* _DATA FOR THIS EXERCISE_

--------

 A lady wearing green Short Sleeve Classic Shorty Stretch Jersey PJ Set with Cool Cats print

--------

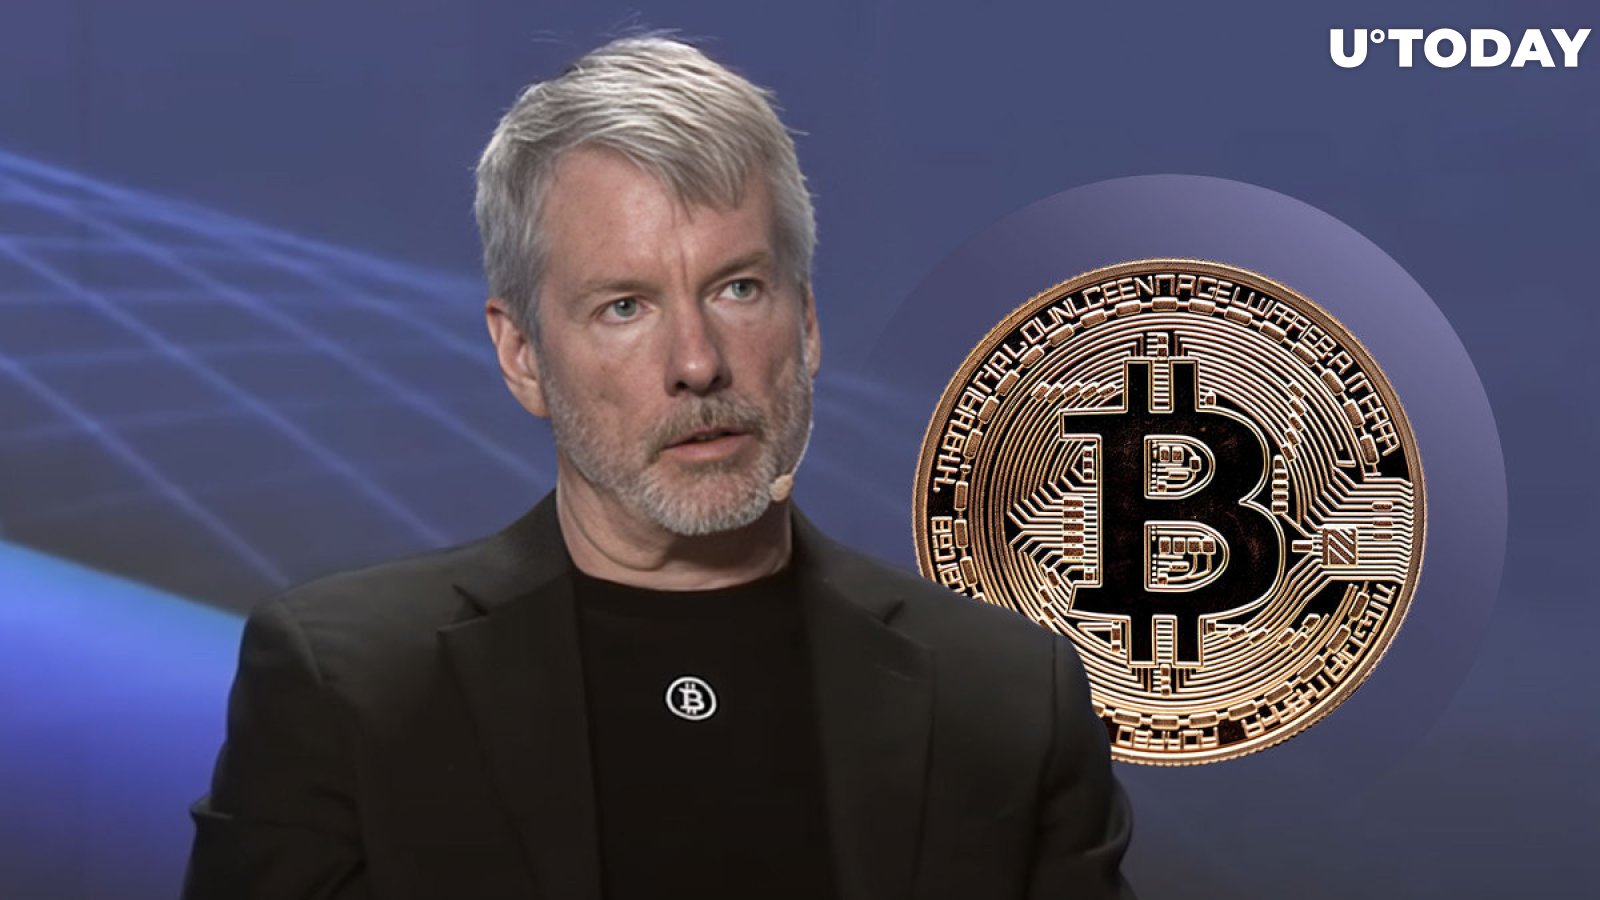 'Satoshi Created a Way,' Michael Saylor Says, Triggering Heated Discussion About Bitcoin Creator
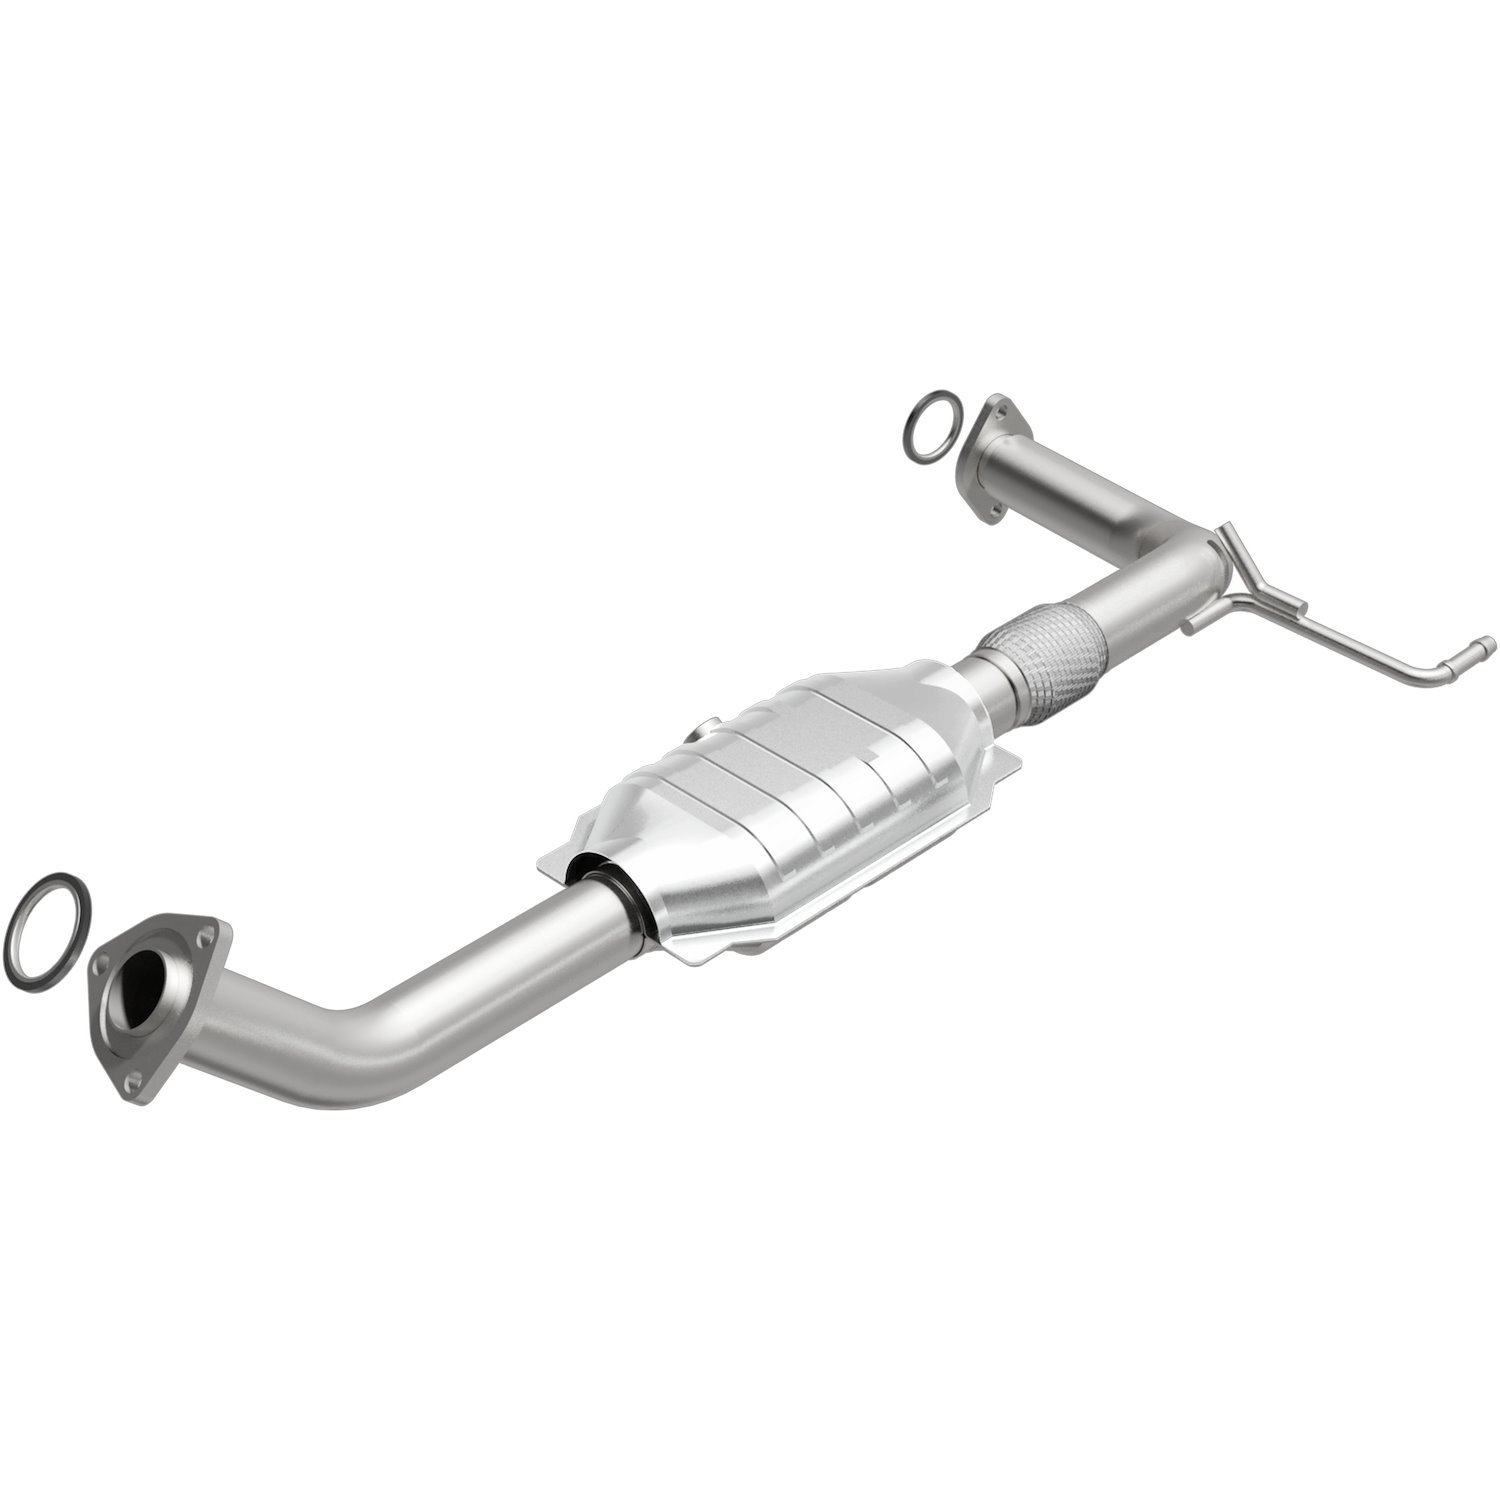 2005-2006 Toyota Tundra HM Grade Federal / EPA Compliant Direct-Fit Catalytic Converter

--------

* _ASSIGNED TASK_
From the material above, reproduce only what runs from the line holding "About Bitcoin Creator" down to the line holding "2005-2006 Toyota Tundra", both included, pictures excluded.

* _ANSWER SECTION_
 'Satoshi Created a Way,' Michael Saylor Says, Triggering Heated Discussion About Bitcoin Creator
 2005-2006 Toyota Tundra HM Grade Federal / EPA Compliant Direct-Fit Catalytic Converter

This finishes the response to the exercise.